While translation always involves a balancing act between faithful rendition and an idiomatic use of language, historical documents such as letters raise particular issues. The implicit aim of published translations is generally to create and maintain the fiction that the text in question was actually written in the target language; in a correspondence, however, with countless references to external life and the respective proper names, this fiction is particularly unconvincing. Rather than attempt to translate all names of institutions, classifications of musical works or other references of this kind, I have sought to retain the German where I felt the original could be regarded as a proper name, as opposed to a straightforward categorial classification; one thus finds Frankfurter Kammermusikgemeinde in German, but ‘Berlin State Opera’ in English. With names of works, this principle has also been extended to the parameter of italics; standard terms such as ‘Piano Sonata’ or ‘String Quartet’ are thus not italicized, while more idiosyncratic classifications such as Six Short Orchestral Pieces are. German titles have been retained where I felt that their idiosyncratic nature exceeded this, as with Drei Bruchstücke aus der Oper ‘Wozzeck’.

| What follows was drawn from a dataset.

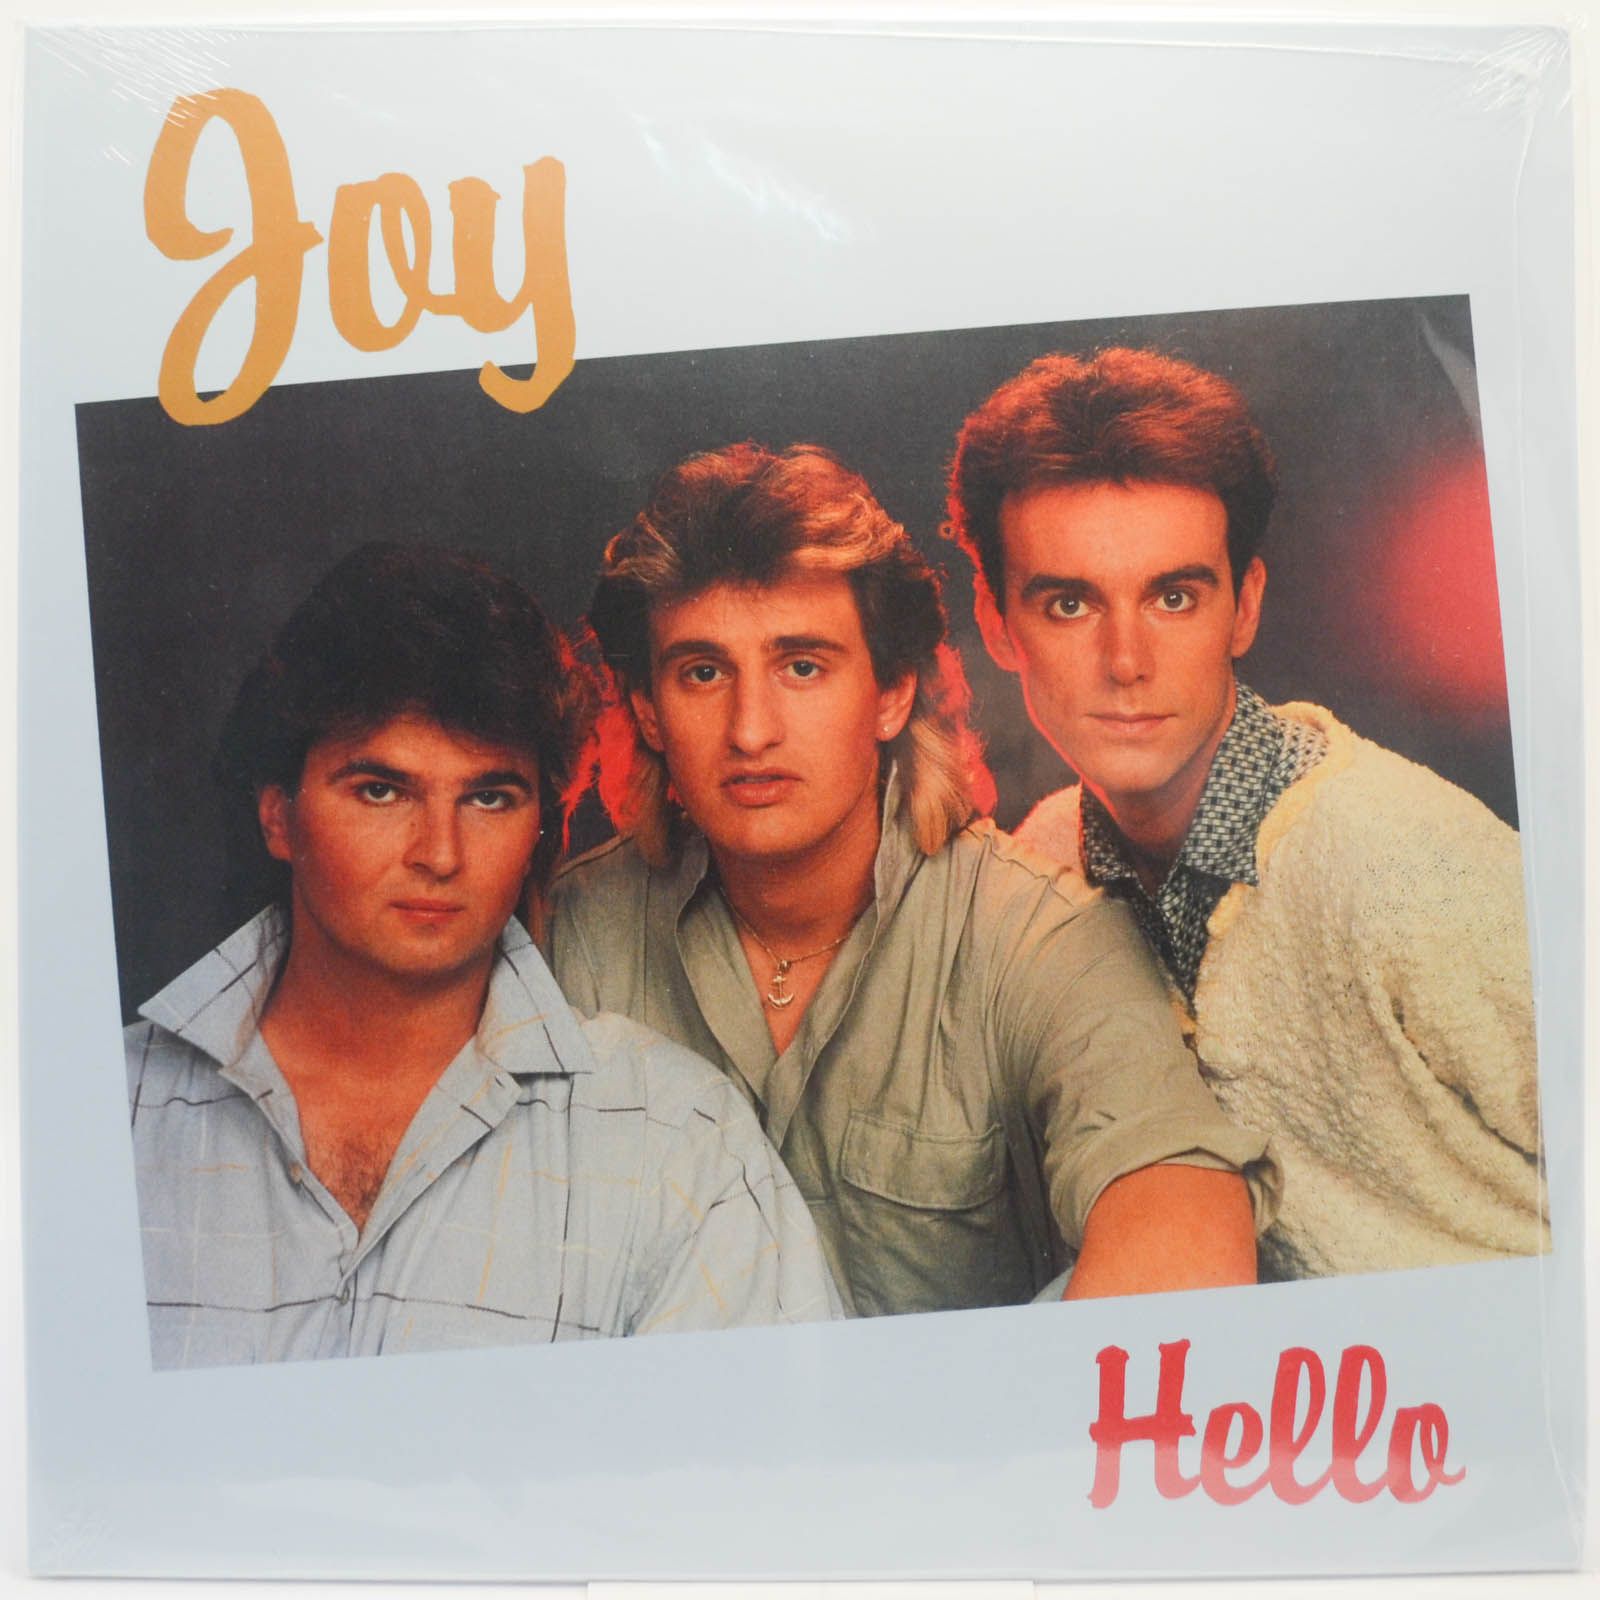 Групп хелло. Joy hello 1986 LP. Joy группа 1986. Группа Джой в молодости. Группа Джой 1987.

Besides this, I have also sought to retain any unevenness, clumsiness or stilted language found in the original letters, as well as erroneous or, as in the case of Schönberg rather than Schoenberg, historically authentic spellings of names. While this cannot excuse any shortcomings of the translation, it was considered the primary stylistic aim to reproduce as faithfully as possible the individual tone of each letter, rather than exerting any editorial influence upon the formulations used in the originals.